The query to extract data is very time consuming. It currently takes over an hour. I am not sure if it is my table design or the query design that is the root cause (though probably both).
I need to extract the latest X amount of items for each TripID in a set of TripIDs that I specify. There are around 10k different IDs and I typically want to query about half of them. X varies between them also, so my best way to query is currently to generate a script that looks a bit like this:
SELECT rs.* FROM (SELECT *, ROW_NUMBER() over (Partition BY TripID ORDER BY RecordTimeUTC DESC ) AS Rank FROM records where TripID in (20141000,20441000,30011022,30011021,30011008,30012029,30012028,30012027,30011007,30011019,30011018,30012026,30012025,30012024,30011017,30011016,30012023,30012022,30011015,30011014,30012021,30012020,30011013,30011012,30013000,30013001,30013019,30013009,30011011,30011010,30011009,30013008,30013007,30012010,30012009,30013005,30013004,30013003,30012014,30012019,30013021,30013020,30011006,30011004,30012018,30012017,30012016,30013006,30011003,30011002,30012015,30012013,30013013,30013002,30011001,30011000,30011020,30012012,30012011,30011005,30011030,30012001,30012008,30012007,30011029,30011028,30012006,30012005,30011031,30011027,30012004,30012003,30011026,30011025,30011024,30012002,30012000,30012031,30011023,30012030,30015005,30016006,30016013,30016012,30014020,30014019,30014018,30016011,30016010,30014017,30014016,30016009,30016008,30014015,30014013,30014012,30016005,30016004,30016003,30014010,30014009,30016002,30016001,30014008,30014007,30016000,30016007,30014006,30014005,30014004,30014003,30014002,30014001,30014000,30014023,30014014,30015012,30015004,30015003,30013018,30013017,30015002,30015001,30013016,30013015,30013014,30015000,30015013,30015011,30013012,30013011,30015010,30015009,30013010,30014011,30015008,30015007,30014022,30014021,30015006,33651001,33661006)) rs WHERE Rank <= 690
UNION
SELECT rs.* FROM (SELECT *, ROW_NUMBER() over (Partition BY TripID ORDER BY RecordTimeUTC DESC ) AS Rank FROM records where TripID in (20431003,20431002,20431001,20432003,20432002,20432001,30221001,33861002,33861003)) rs WHERE Rank <= 855
UNION
SELECT rs.* FROM (SELECT *, ROW_NUMBER() over (Partition BY TripID ORDER BY RecordTimeUTC DESC ) AS Rank FROM records where TripID in (20171029,20171030,20002002,26122001)) rs WHERE Rank <= 45
UNION
...
(The above query returns 690 instances of each trip in the first list, 855 instances of each in the second, 45 in the third and so on. The query is much bigger than this - this is just a snippet of it. In total I extract 10-15 million rows)

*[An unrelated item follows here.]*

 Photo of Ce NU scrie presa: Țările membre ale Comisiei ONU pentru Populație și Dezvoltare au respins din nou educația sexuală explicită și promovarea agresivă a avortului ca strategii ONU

As mentioned my performance is terrible. Is it a cloud thing? Is it a design thing? Should I use a clustered index? (Tried that for TripID, but that was even worse). Could I improve my query somehow? Extract the same amount of instances for each ID for instance, then filter afterwards?

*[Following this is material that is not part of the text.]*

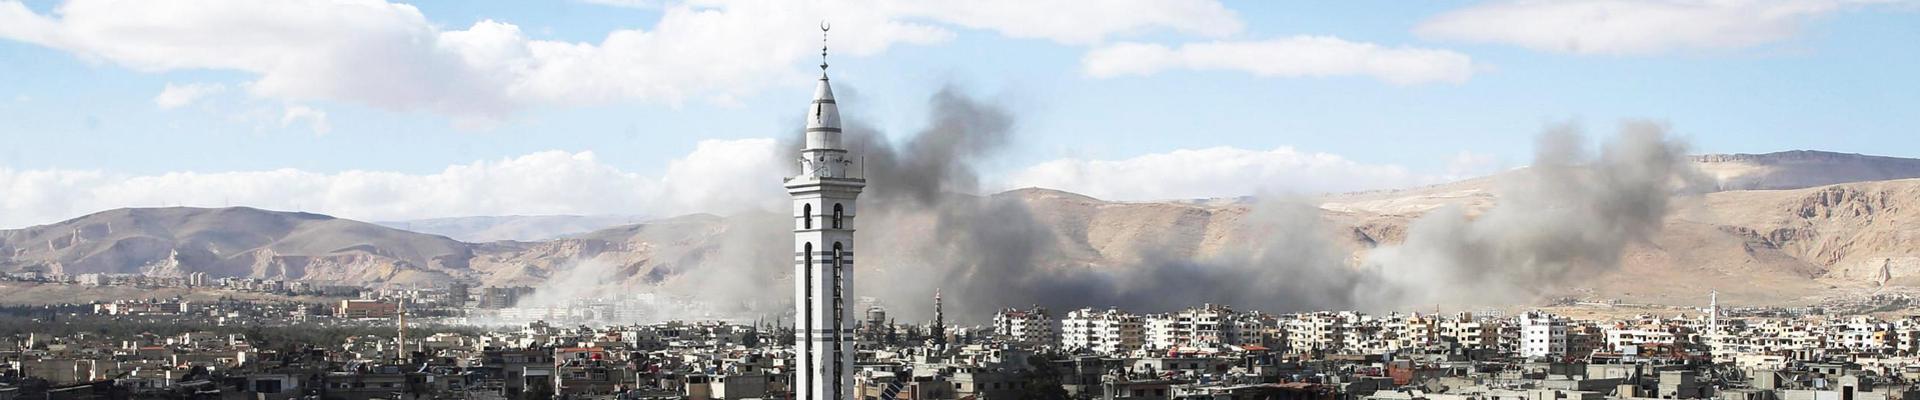 Istanbul Syria Summit

I notice I have a couple of extra indexes that might not be used in my query. I just tried adding more as the insert performance isn't a problem. The plan was for the TripIDRecordTimeIndex to be used in my query.
Even when scaling up the data plan in Azure SQL to S7 (800 DPU) I don't get this to run fast. Any feedback is appreciated.
Edit: I recently changed the TripID from int to varchar(255) - would this break my performance?
Download link to full execution plan
Edit3: Figured out that adding quotes ('') around the TripIDs that I query on improved the performance hugely!
Edit4: I added the index as proposed by TheGameiswar - and the difference is night and day! Thank you! New execution plan attached.